# 2005 50th Anniversary of the Lord of the Rings Calendar now available



## Barliman Butterbur (Aug 22, 2004)

I was in the UCLA (Southfarthing Annex) student store yesterday, and what to my wondering eyes did appear, but a new Tolkien calendar for 2005! I bought it straightaway (lucky for me too, it seemed to be the last one).

This 50th Anniversary (of the publication of Hobbit/LOTR) Calendar is indeed special, featuring drawings by Tolkien, many of which are rarely seen.

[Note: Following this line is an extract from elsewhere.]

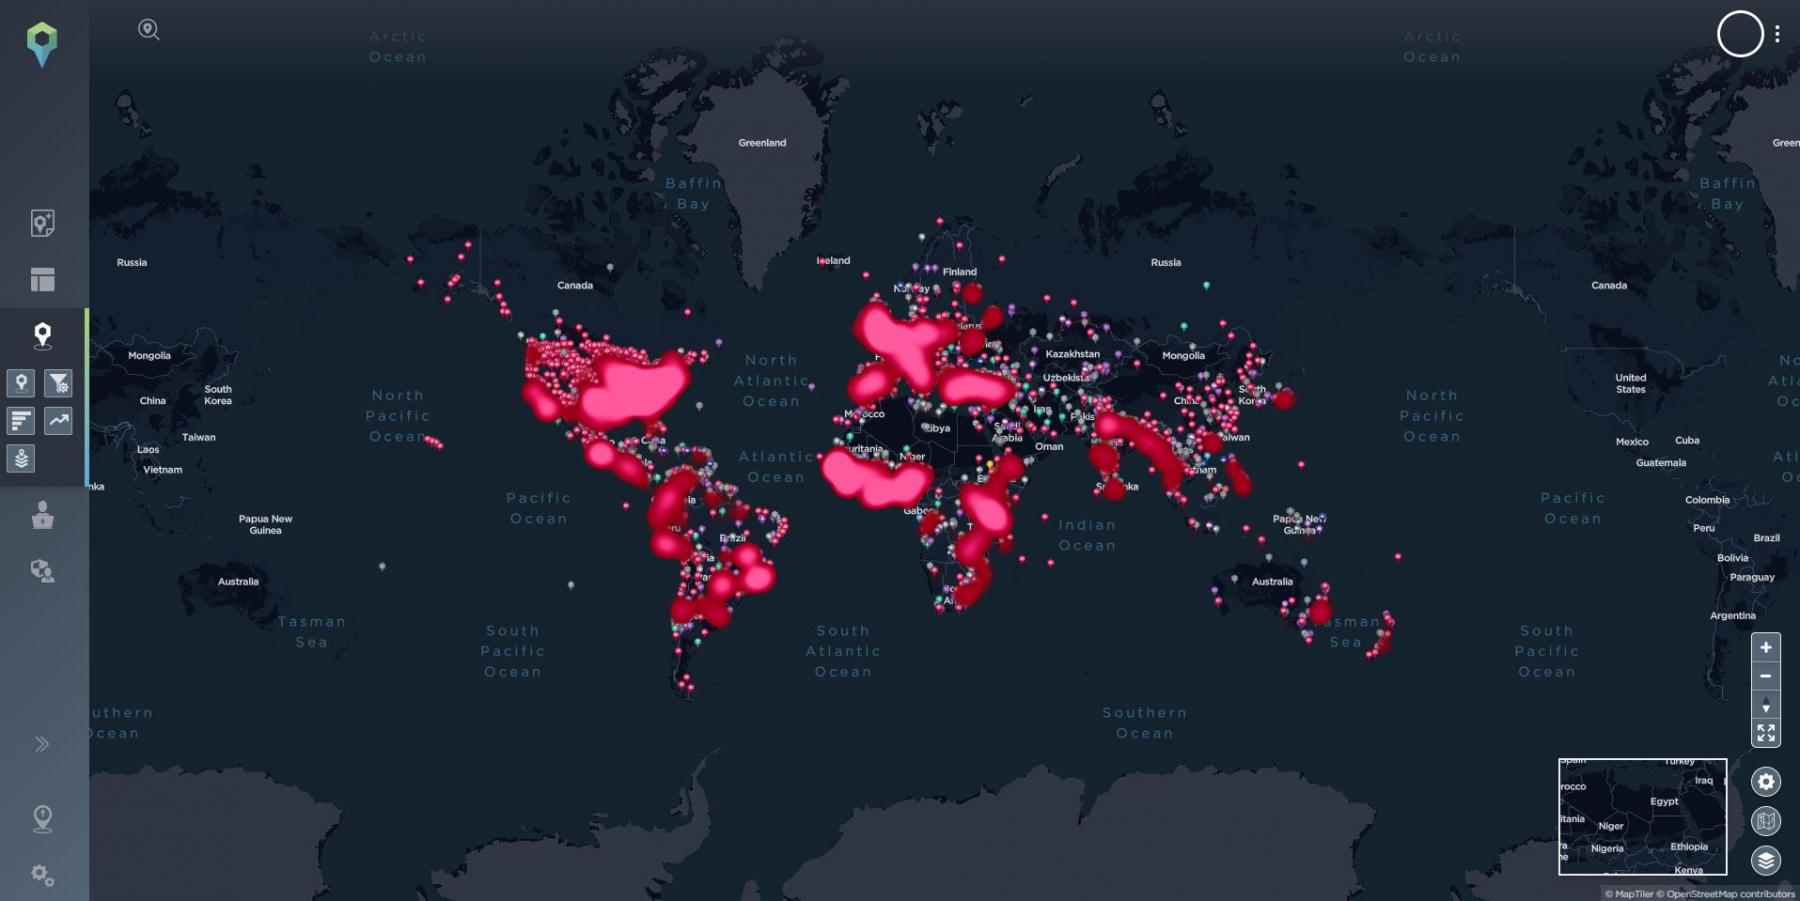 A heatmap showing the concentration of coronavirus-related incidents across the globe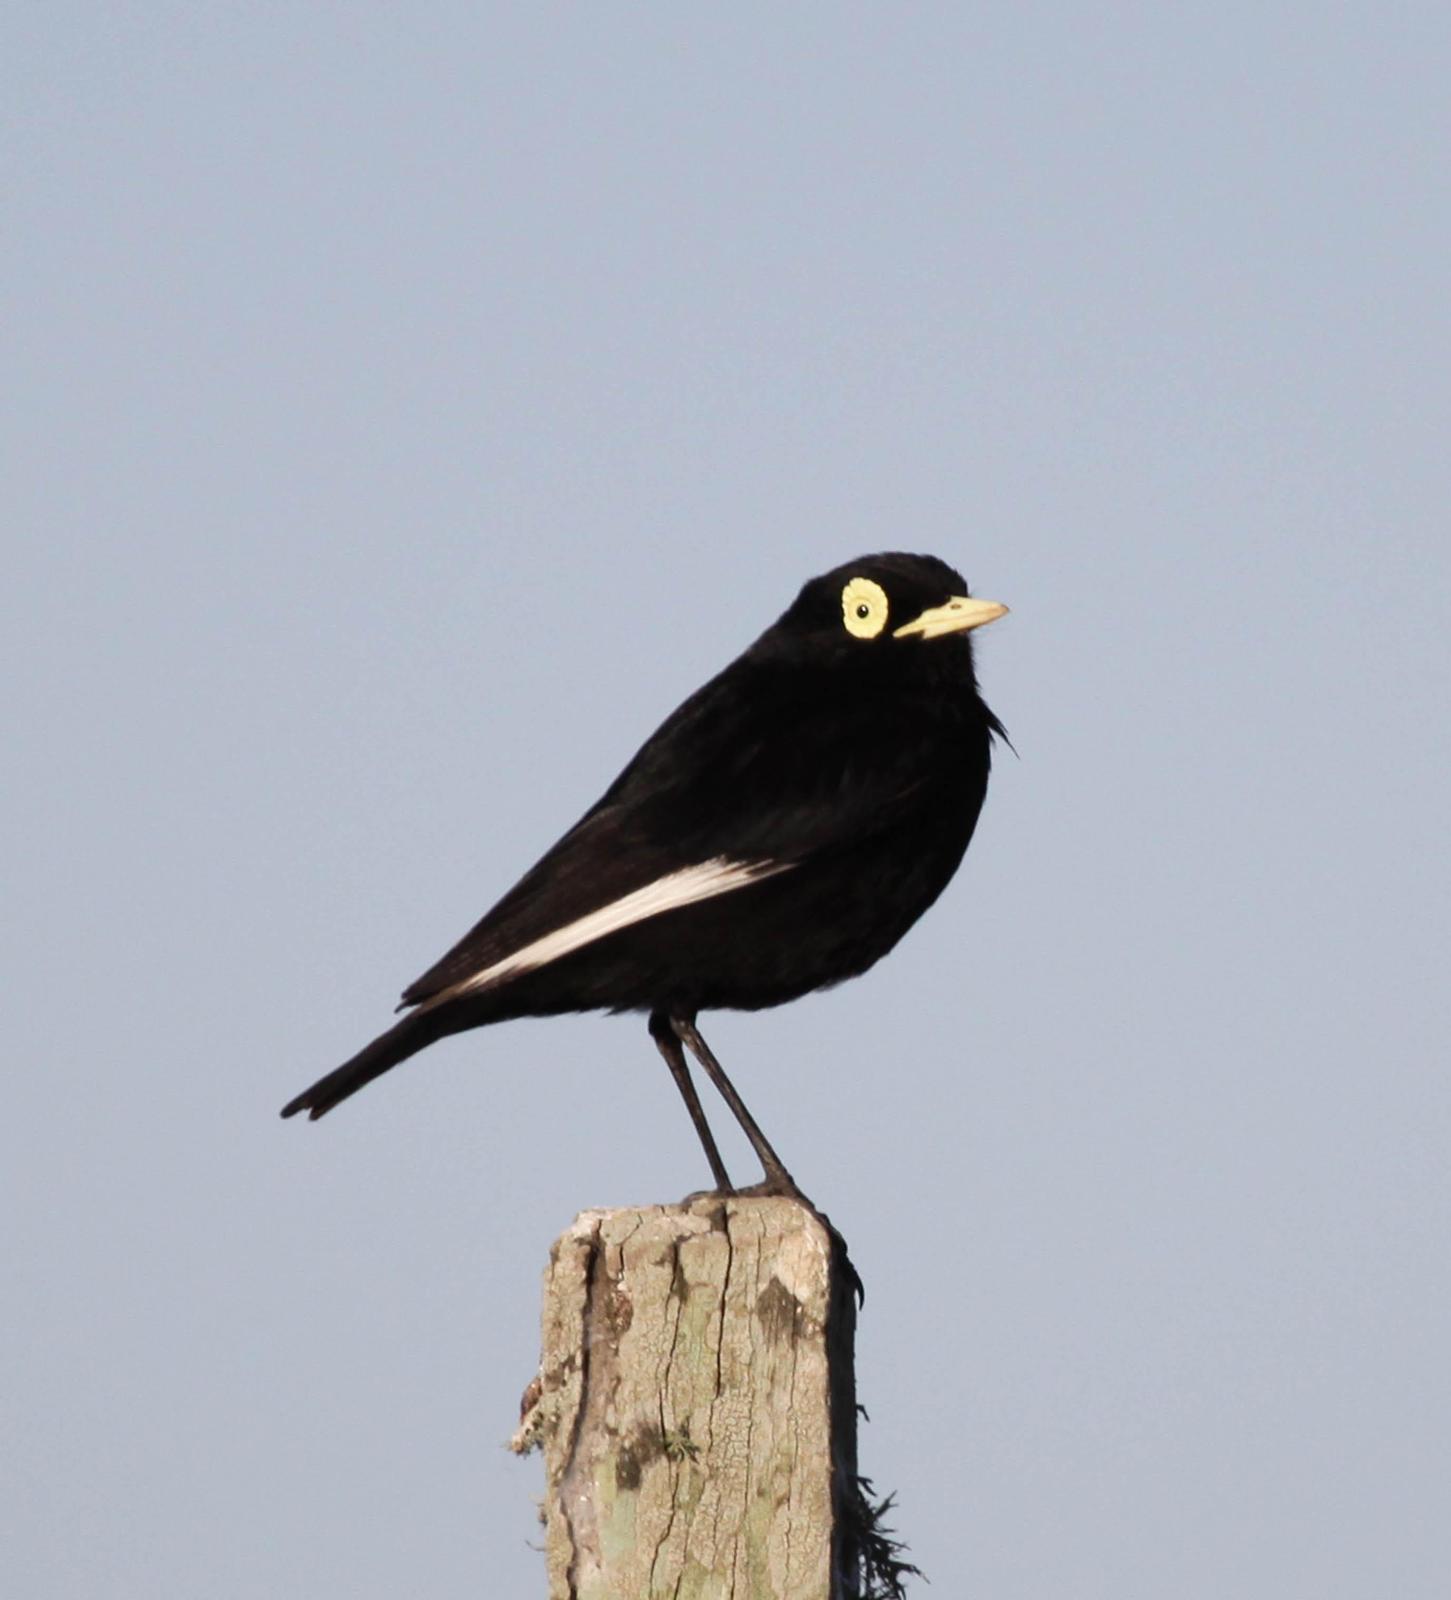 Spectacled Tyrant Photo by Marie Z. Gardner

It is fascinating to see the difference in his conceptions of Barad-Dur, Orthanc, Minas Tirith, etc., compared to those of Alan Lee and John Howe.

It is available from Amazon at http://www.amazon.com/exec/obidos/tg/detail/-/0060722983/104-1761550-1811103?v=glance/.

Better get one while, as they say, supplies last!

Barley


----------



## GuardianRanger (Aug 23, 2004)

"No Image Available"

What a bummer.


----------



## Barliman Butterbur (Aug 23, 2004)

GuardianRanger said:


> "No Image Available"
> 
> What a bummer.



Yeah, that was a bummer, but believe me, the calendar's worth buying sight unseen and keeping, even after 2005!

Barley


----------